Work task: Please, in the data that follows, copy exactly the lines from the line with "Sharp FO-1MK service" through the last one, both included. Do not include pictures.

:: Data block ::

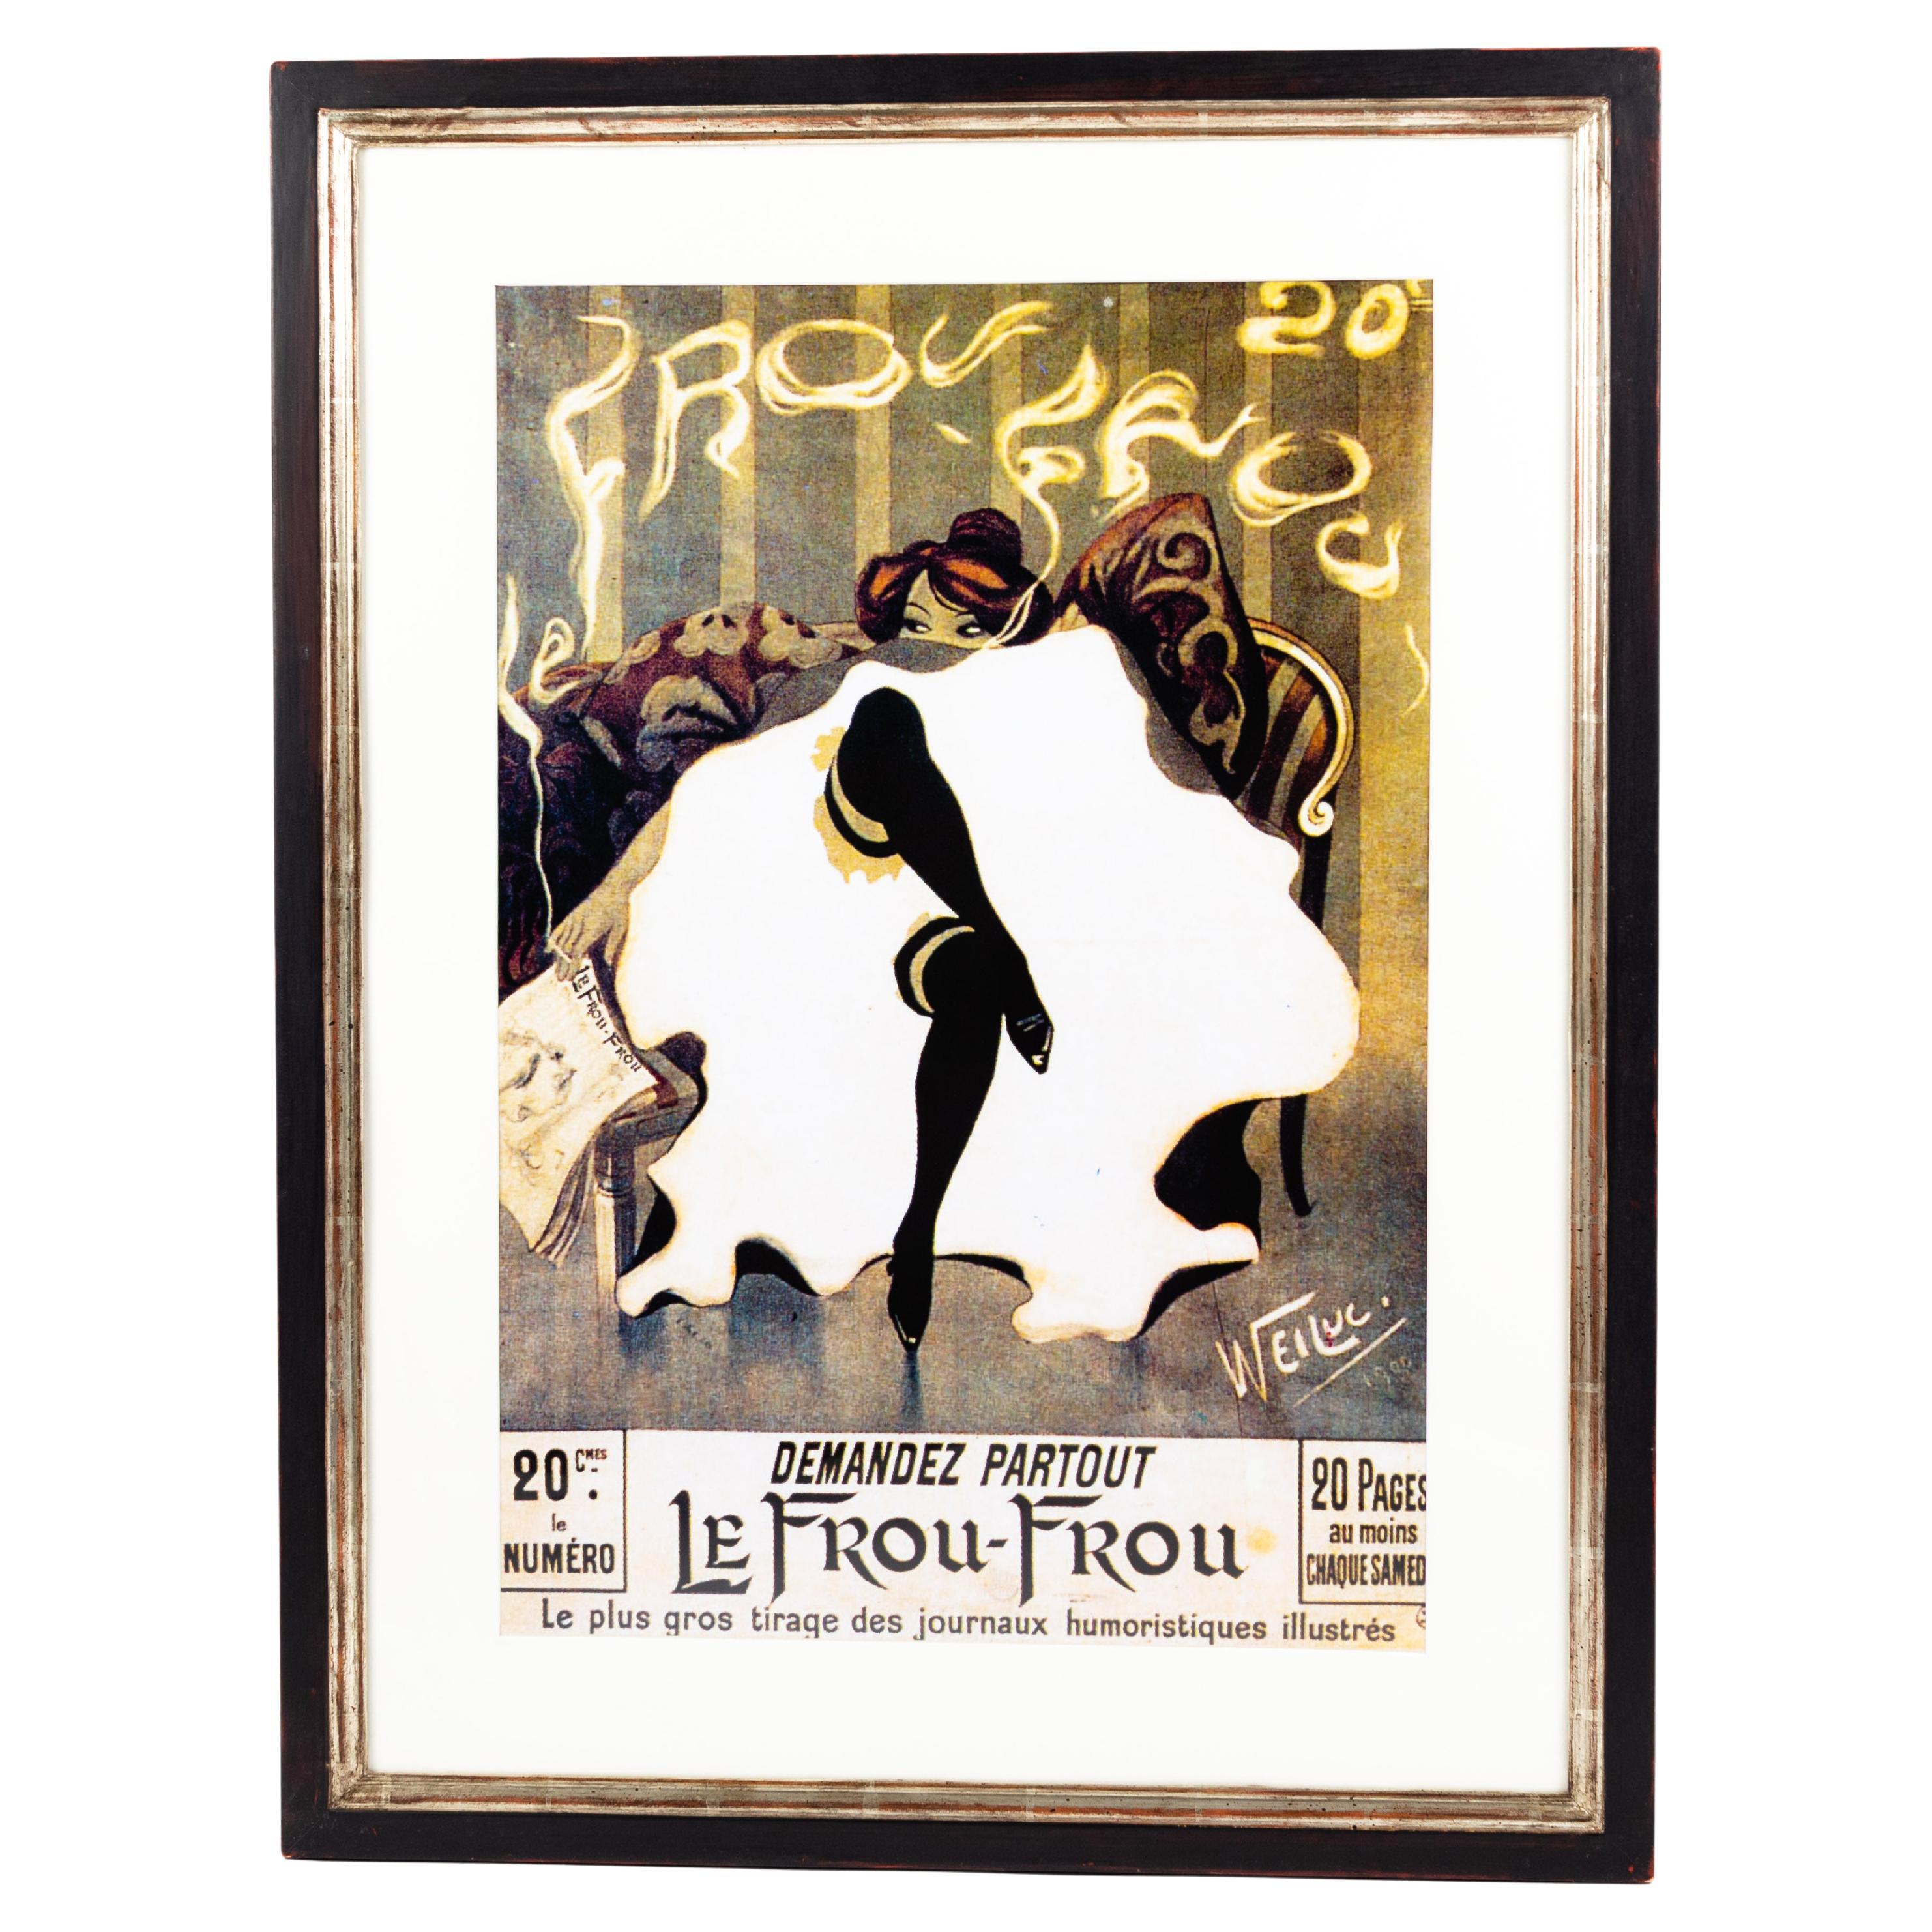 Affiche publicitaire française Art nouveau vert-blanc-noir avec danse de cancan, années 1980
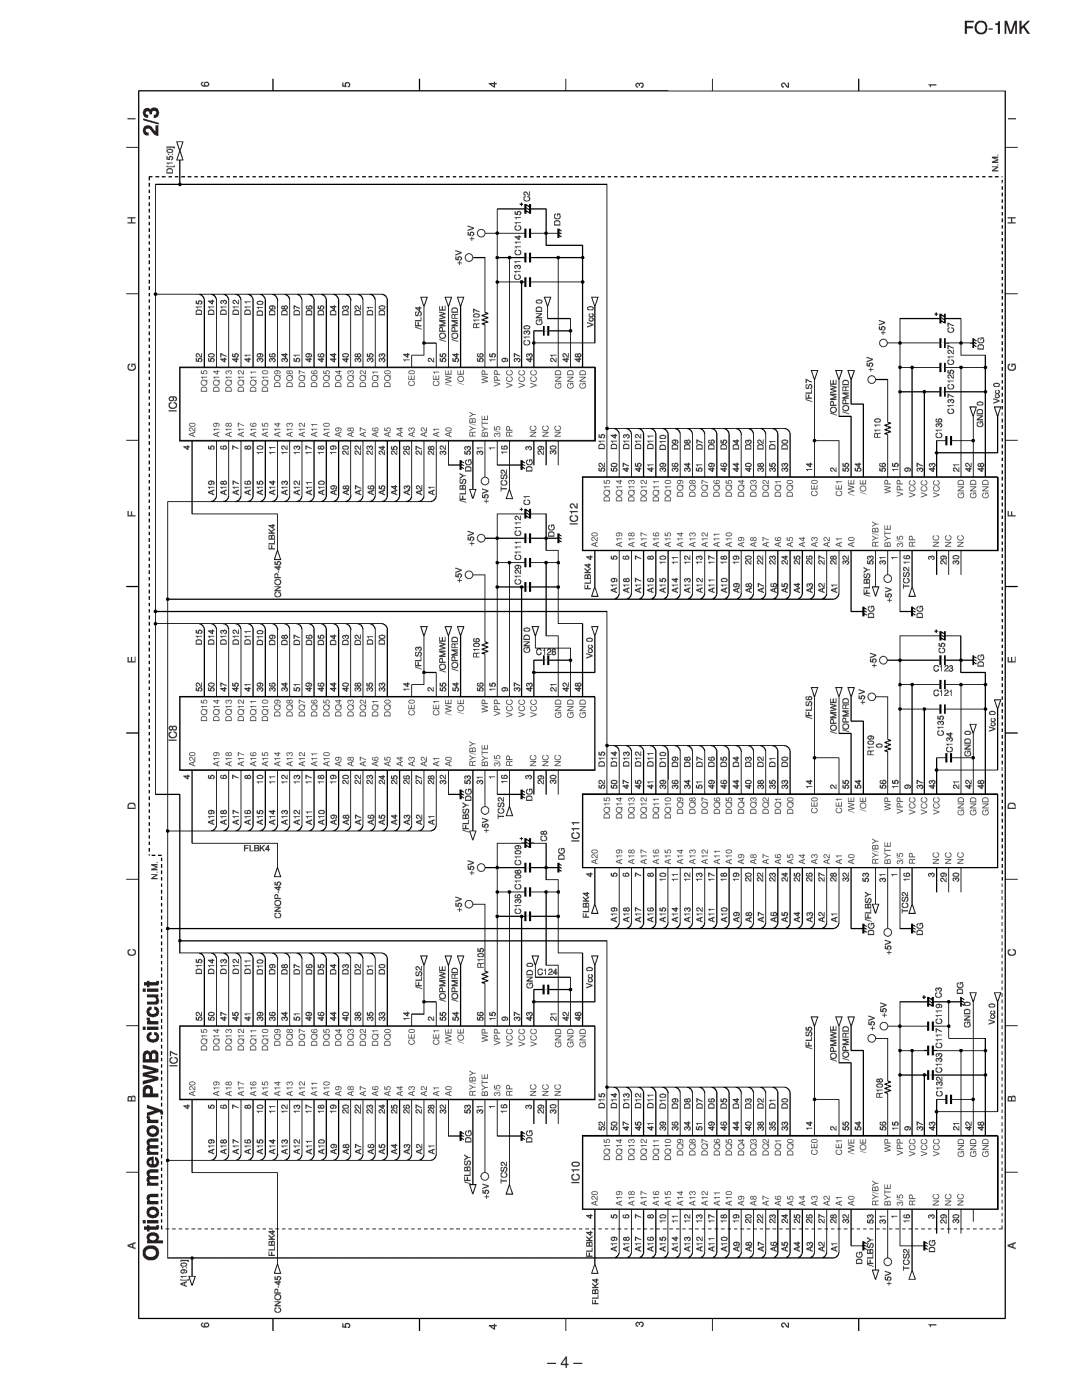 Sharp FO-1MK service manual Option memory PWB circuit, C124, C128 
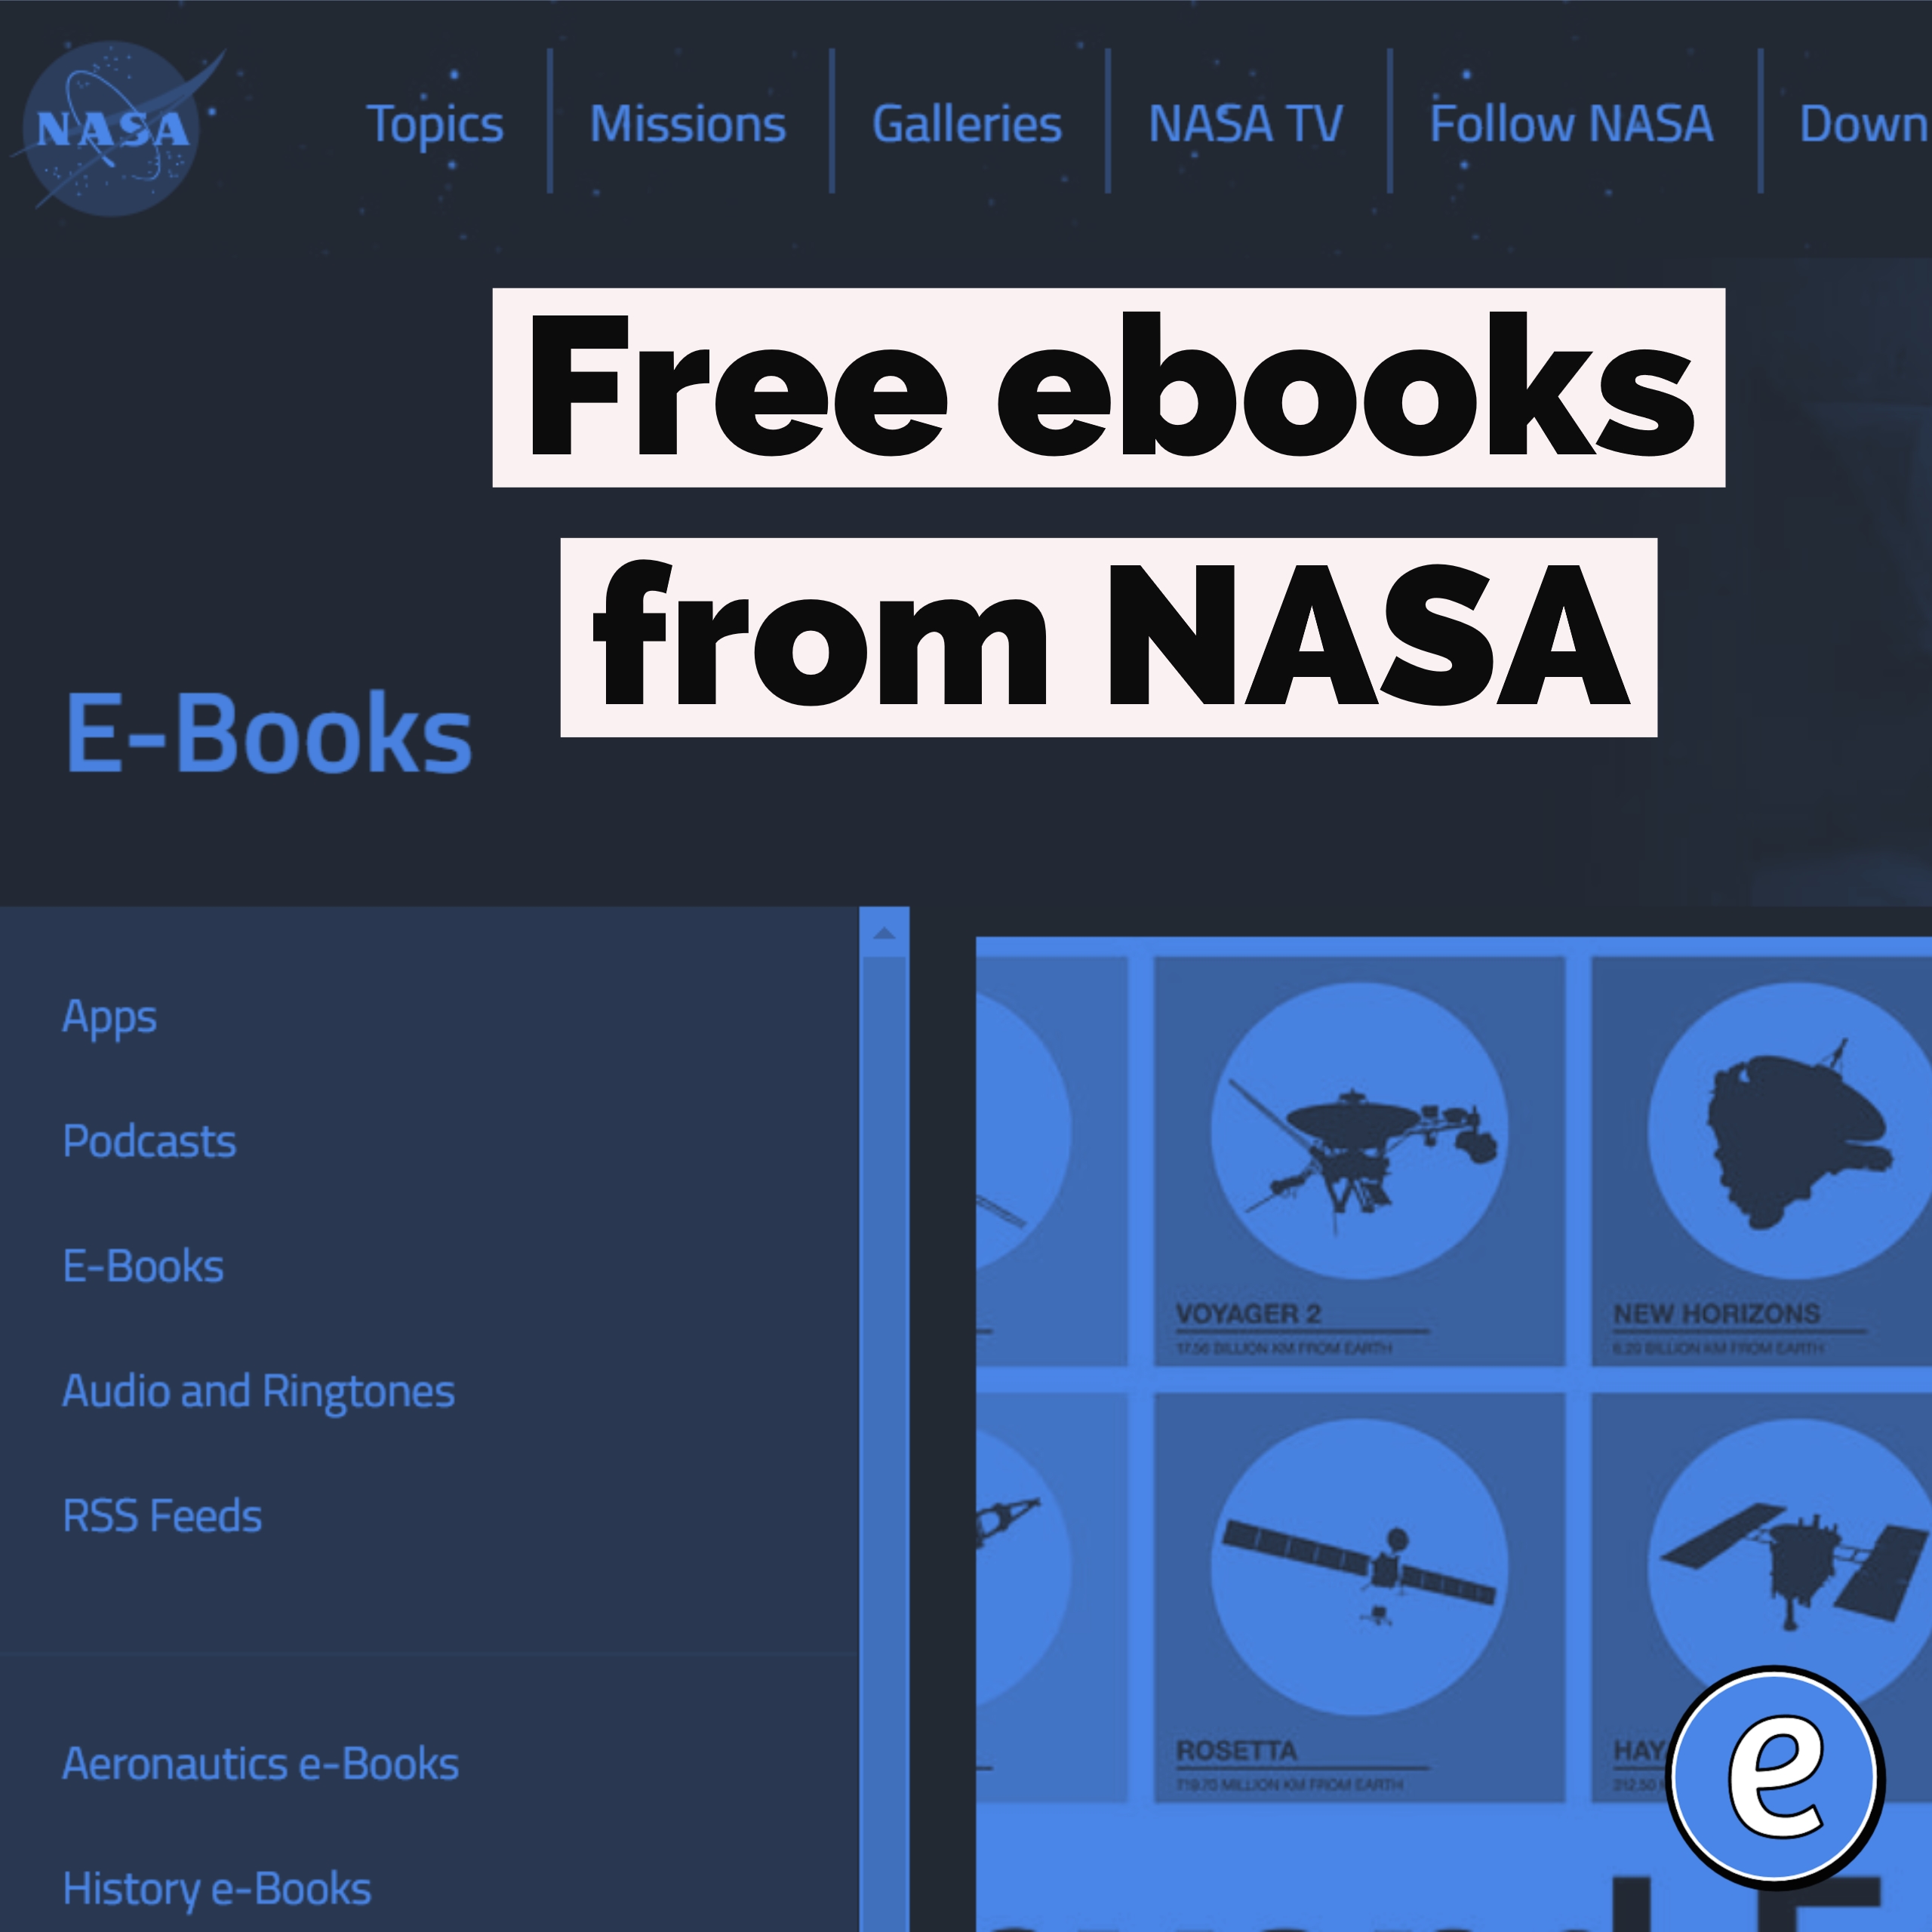 Free ebooks from NASA

:::

Response area:
 Sharp FO-1MK service manual Option memory PWB circuit, C124, C128 
 Free ebooks from NASA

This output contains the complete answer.